2.2.1.7 Central Region

The central region has the largest concentration of the four room types; it is not surprising that we would find evidence of clustering for all the room types in this region. While we have a smaller envelope from running only 99 simulations due to computational issues, we see the same results when we run the same test using the Fast Fourier Transform in the next section.

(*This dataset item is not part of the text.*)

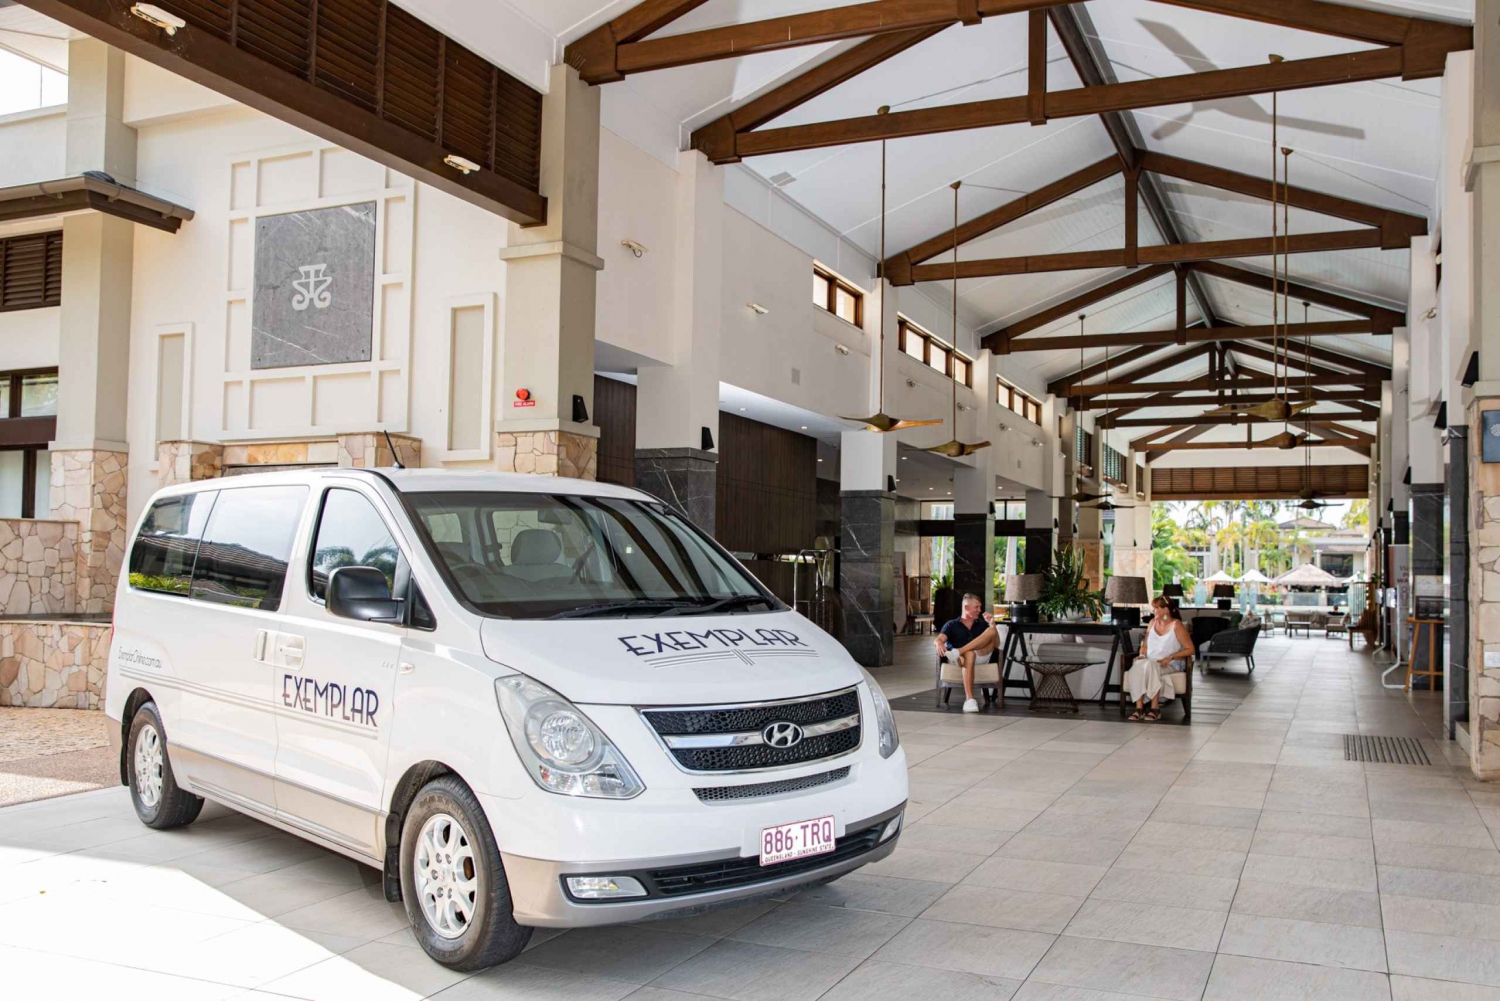 Cairns Airport and Port Douglas Private Transfers

summary(ppp_store4$central$all$marks)

## Entire home/apt      Hotel room    Private room     Shared room 
##            3129             442            2083             211

par(mfrow=c(2,2))
plot(Ktest_central_hotel.csr, .-r~r, xlab="d", ylab="K(d)-r")
plot(Ktest_central_entire.csr, .-r~r, xlab="d", ylab="K(d)-r")
plot(Ktest_central_private.csr, .-r~r, xlab="d", ylab="K(d)-r")
plot(Ktest_central_shared.csr, .-r~r, xlab="d", ylab="K(d)-r")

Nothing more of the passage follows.